Paratrooper P15 involved in legal drama
One of the beef industry’s best-known Angus bulls has become involved in a legal matter – over issues with semen quality.
One of the nation’s best-known Angus bulls has been caught up in a semen quality saga.
Paratrooper P15 is regarded as a key performer in the Angus breed and had a hefty semen price of about $160 a straw.
But an advertisement has appeared in regional media asking for anyone who has used semen from the bull in the past year to contact Queensland legal firm Creevey Horrell.
Creevey Horrell principal Dan Creevey said he was acting for a single client but had “anecdotal evidence from several sources of problems”.
“We have no idea of damages yet and are not aware of any class action,” Mr Creevey said.
The advertisement asks for those who have used Paratrooper P15 semen in their artificial insemination program in November last year to contact the legal firm.
The Weekly Times understands that rather than a question of semen quality from a specific bull, the problem is more to do with the way the semen was processed, and that other bulls may be caught up in the same issue.
But it’s the attention-grabbing Paratrooper P15, which sold for $160,000 in 2019, that has brought the issue into the spotlight.

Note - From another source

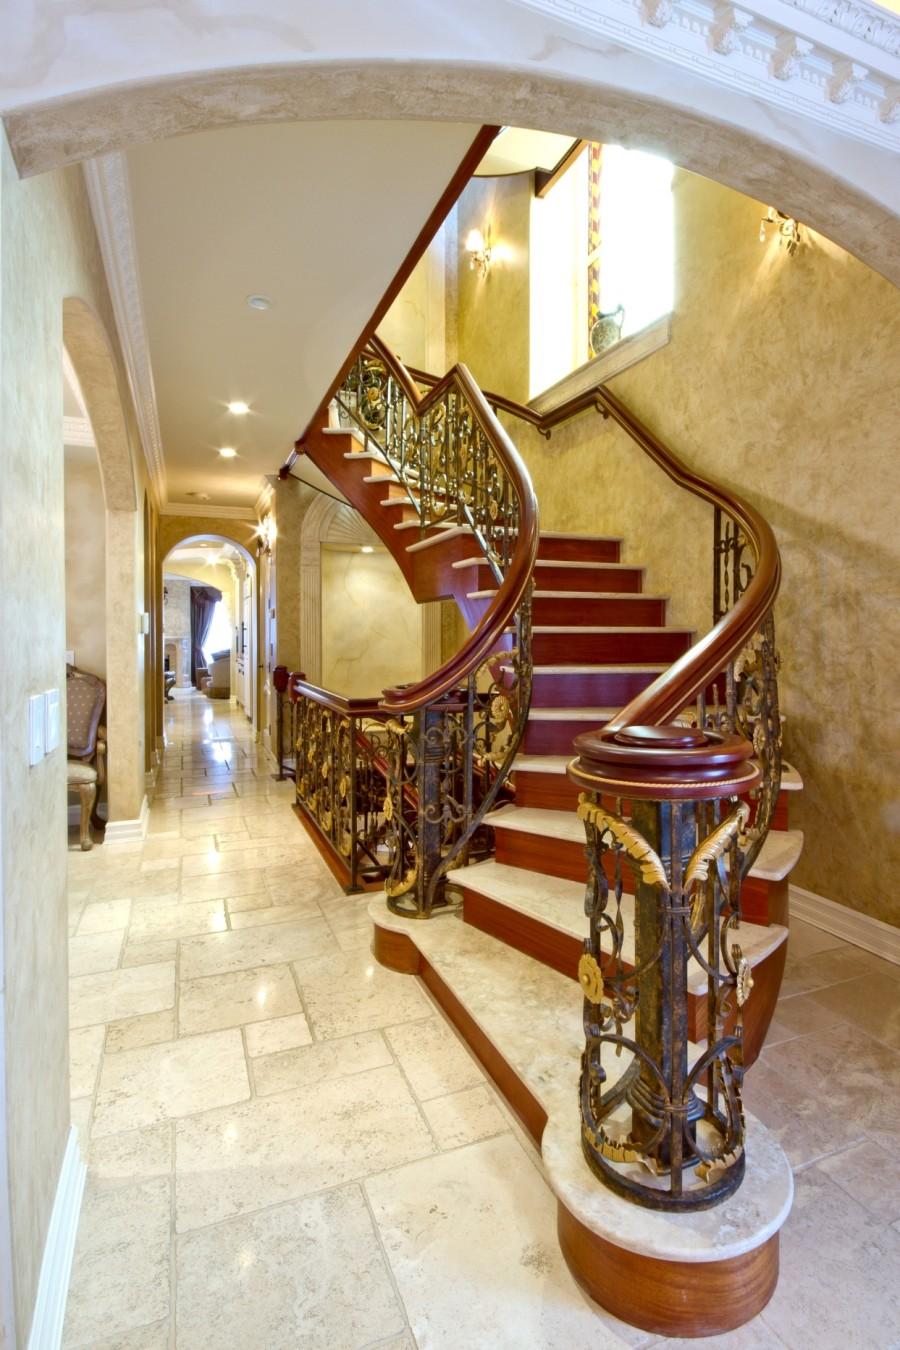 UC_stairs.jpg

At the Millah MurrahAngus sale at Bathurst, NSW, in September this year, 44 sons of Paratrooper P15 averaged $49,682.
One producer, who did not wish to be named, said he knew of issues with semen quality and had been approached to join legal action but declined to be involved.
Semen sales for the bull are handled through ABS.
The Weekly Times made several approaches to ABS Australia general manager Marcus Rees for comment but messages were not returned.